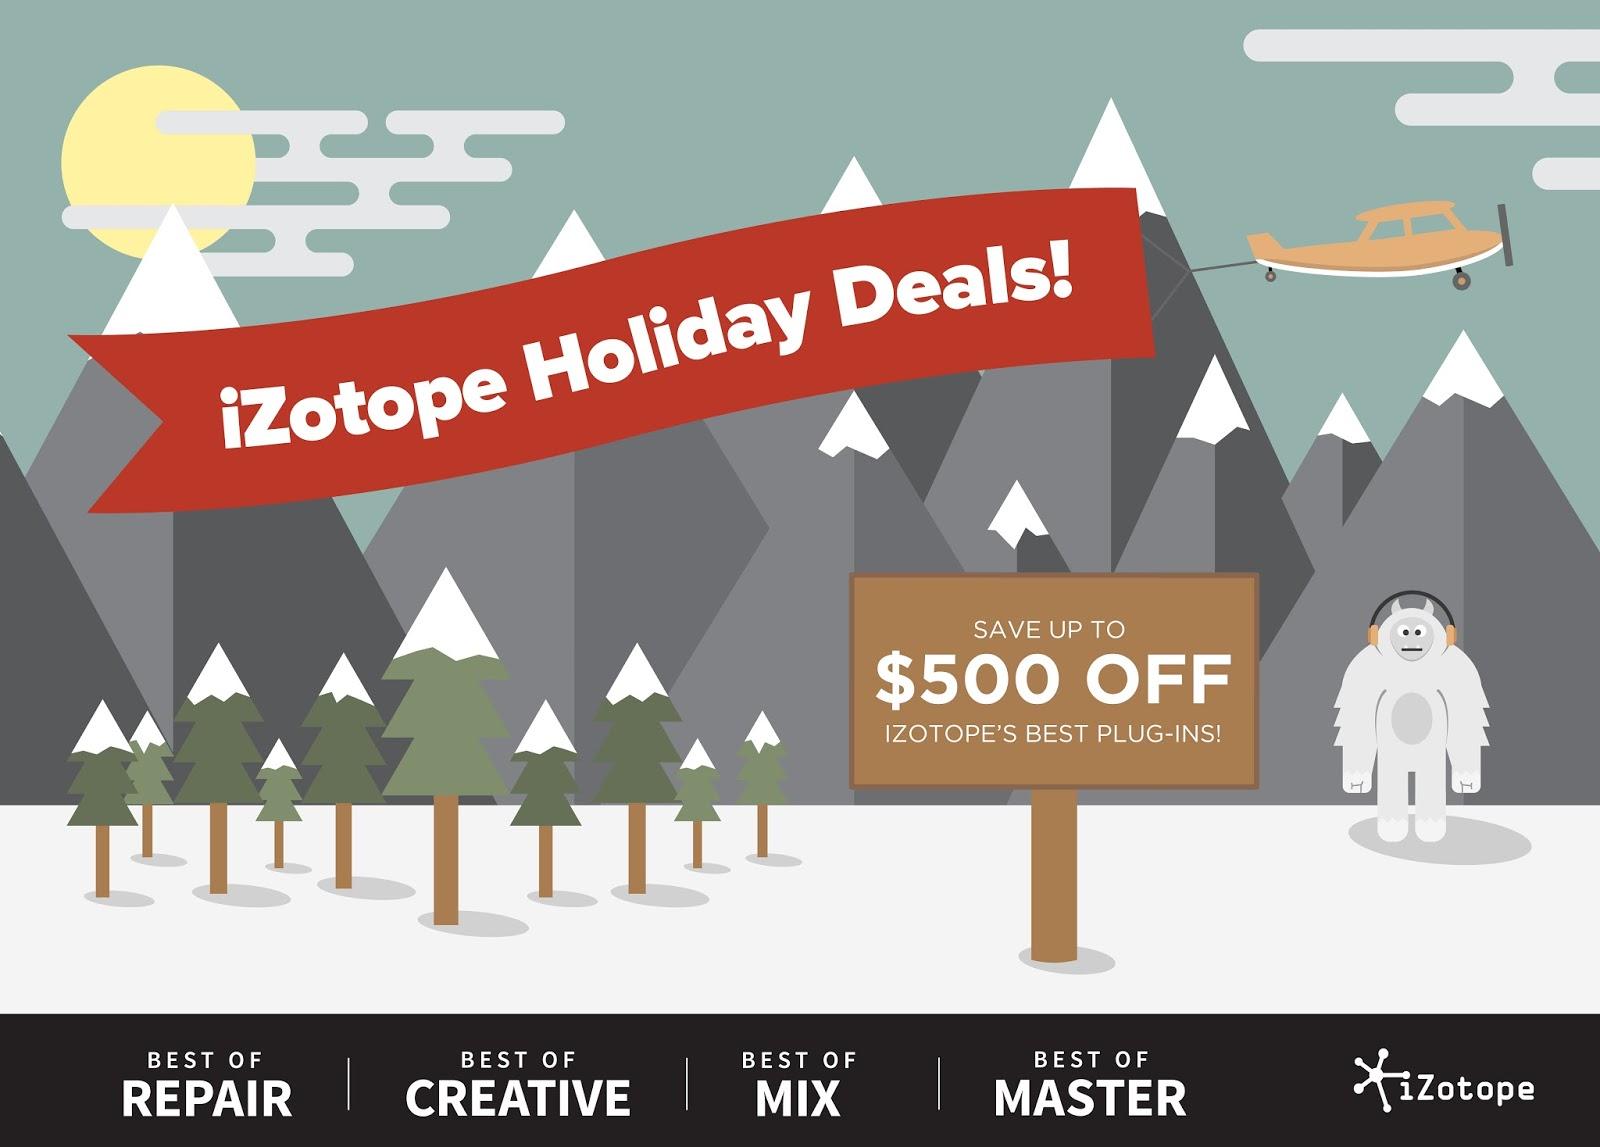 Izotope deals - Average harley rider deals gap
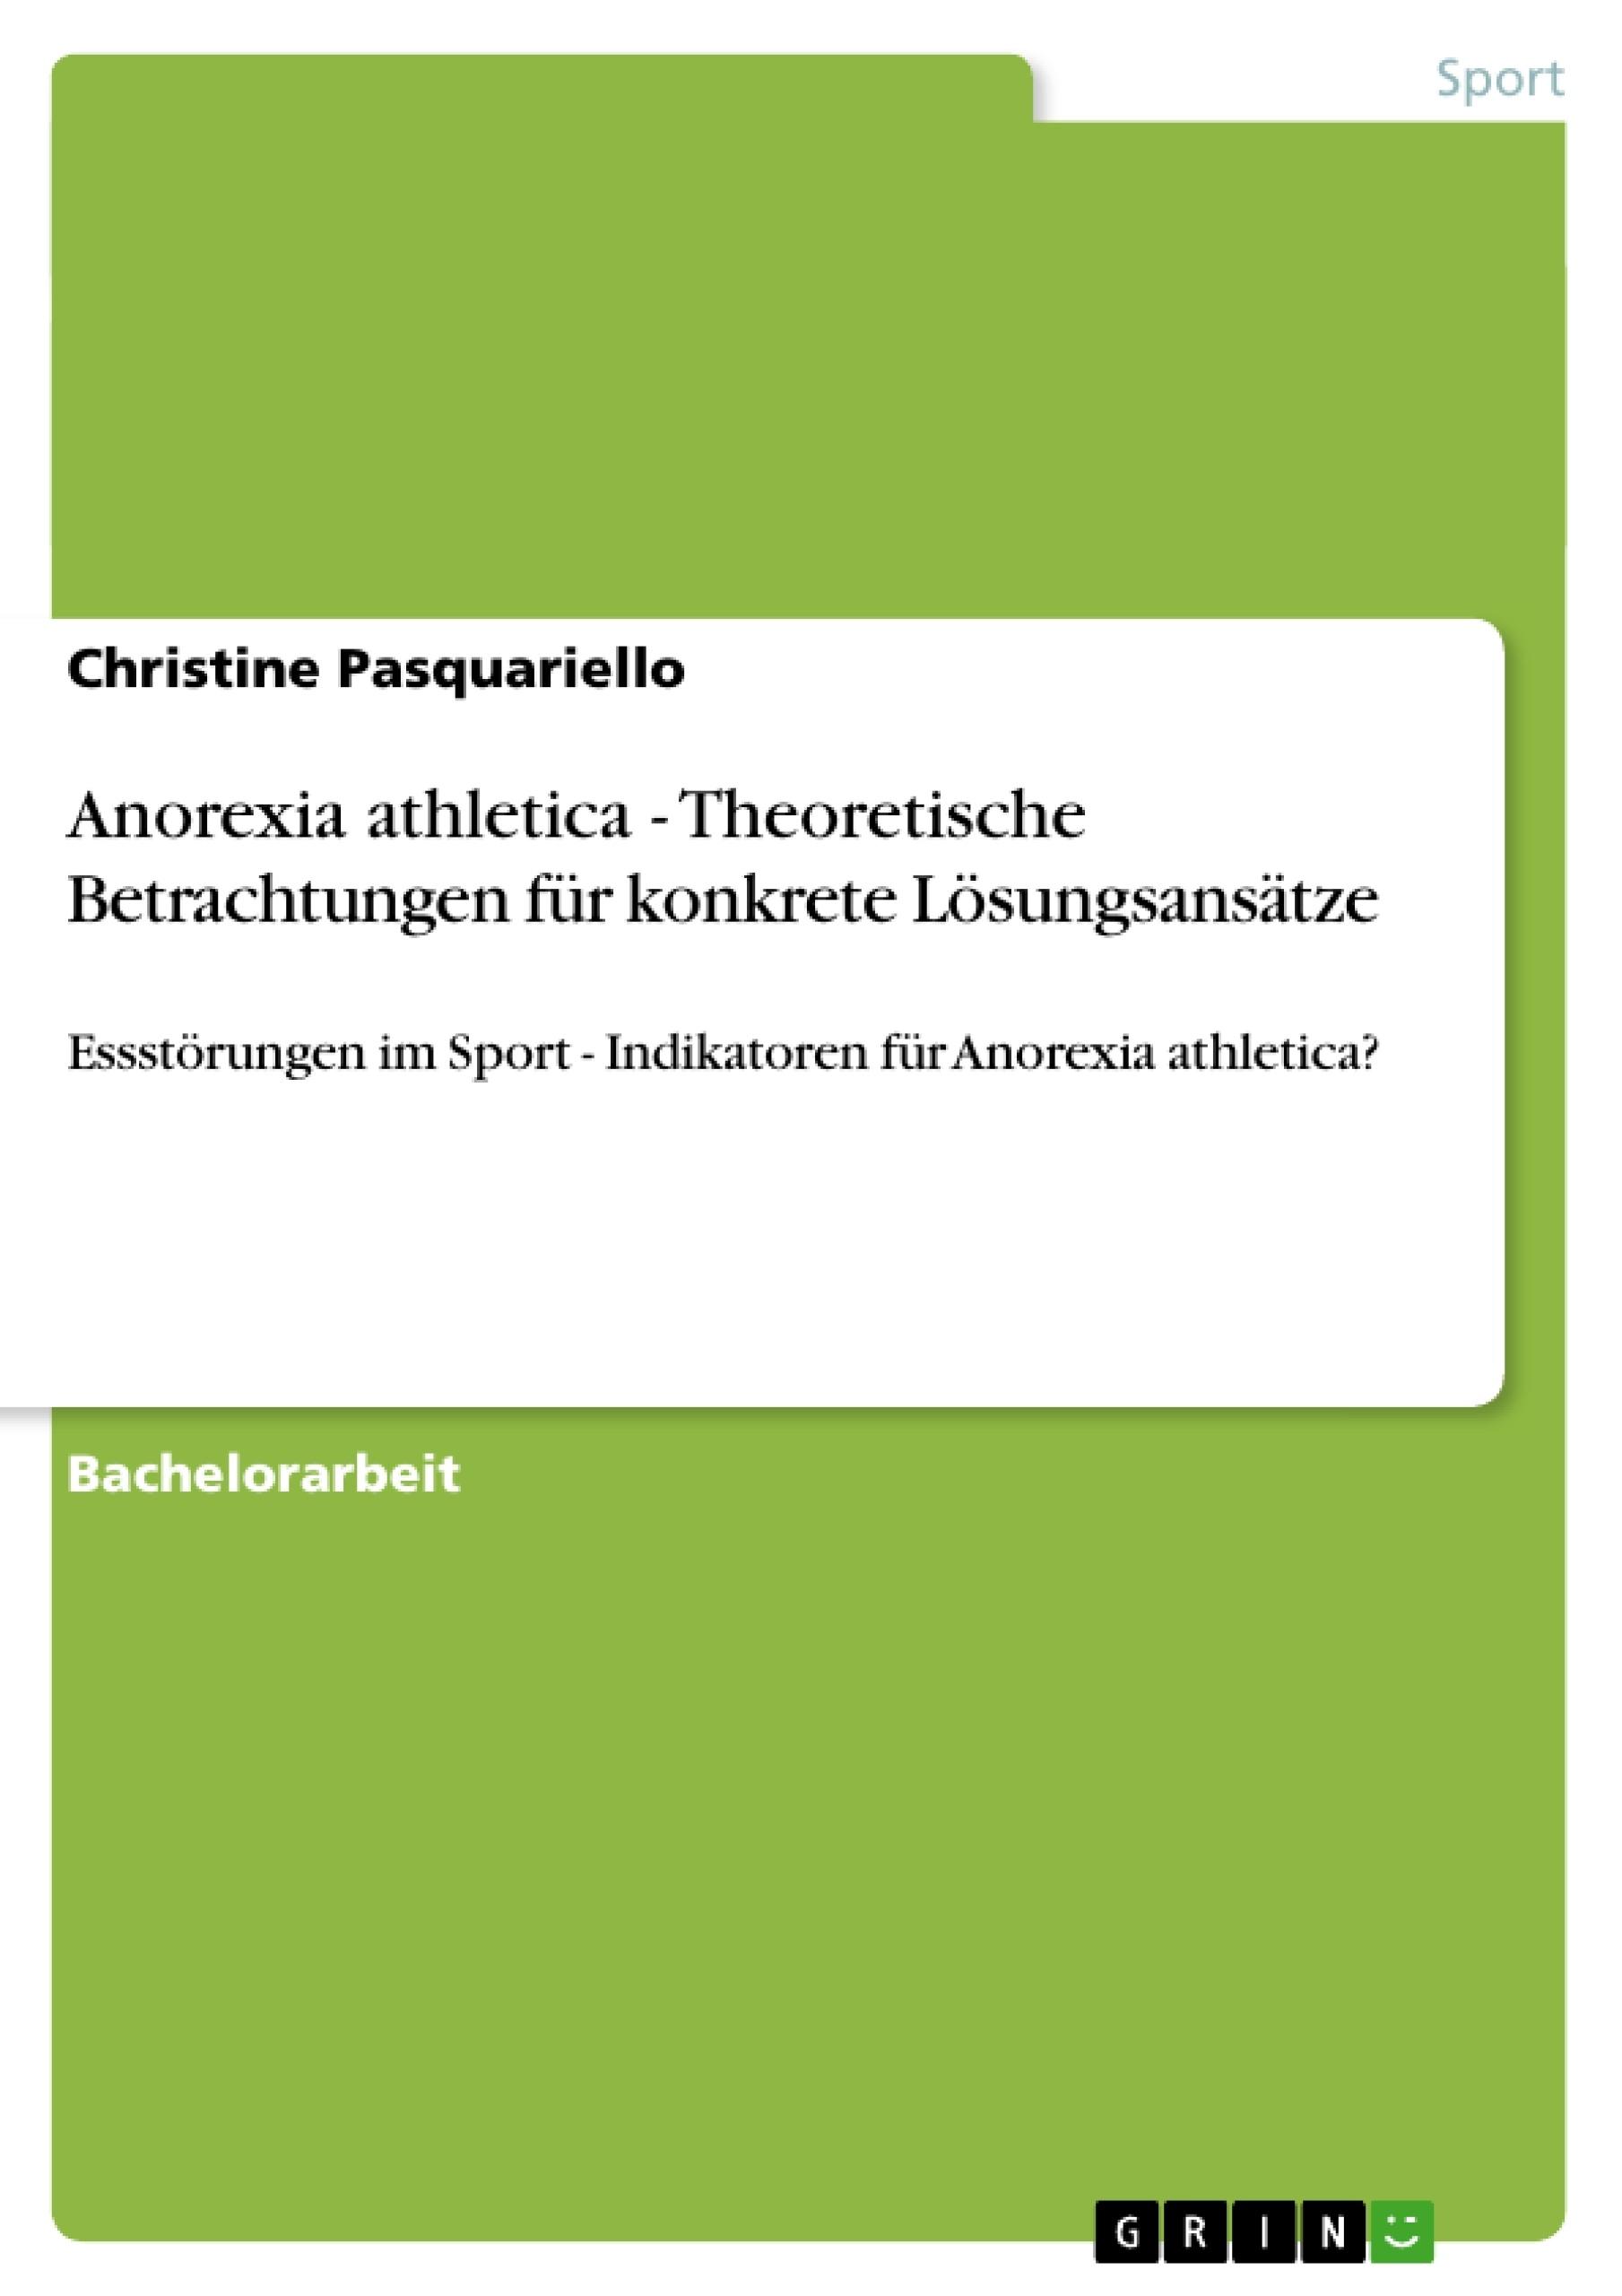 Titel: Anorexia athletica - Theoretische Betrachtungen für konkrete Lösungsansätze
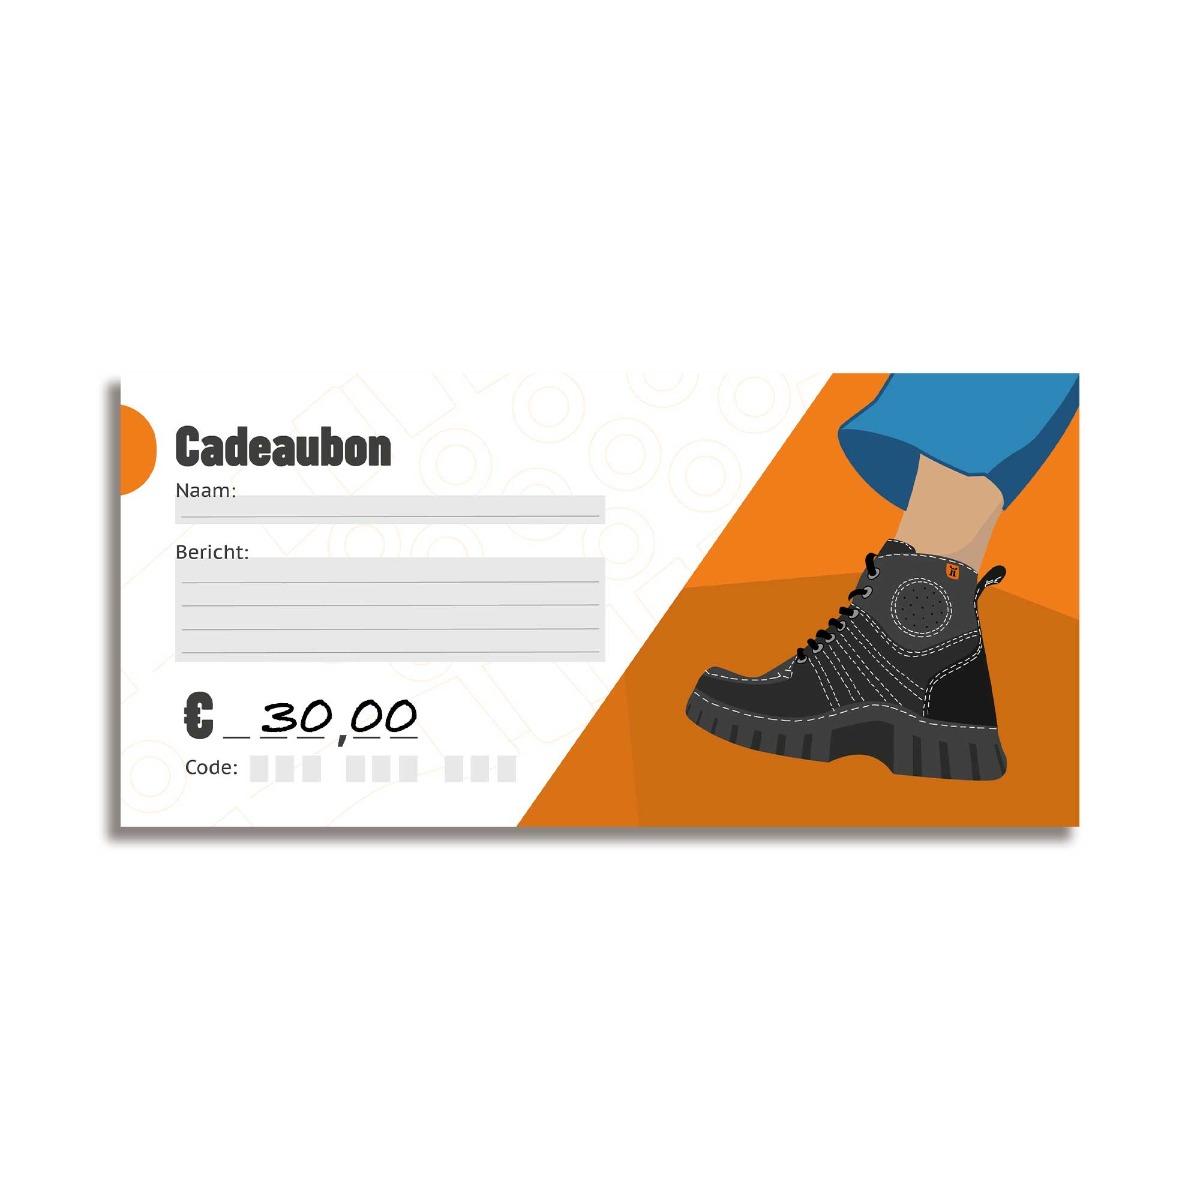 Cadeaubon / Gift-Card MAG 30

========================================================================

## Aim of the task
Omit pictures; set down the rest of the material word for word.

## Task result
 Izotope deals - Average harley rider deals gap
 Titel: Anorexia athletica - Theoretische Betrachtungen für konkrete Lösungsansätze
 Cadeaubon / Gift-Card MAG 30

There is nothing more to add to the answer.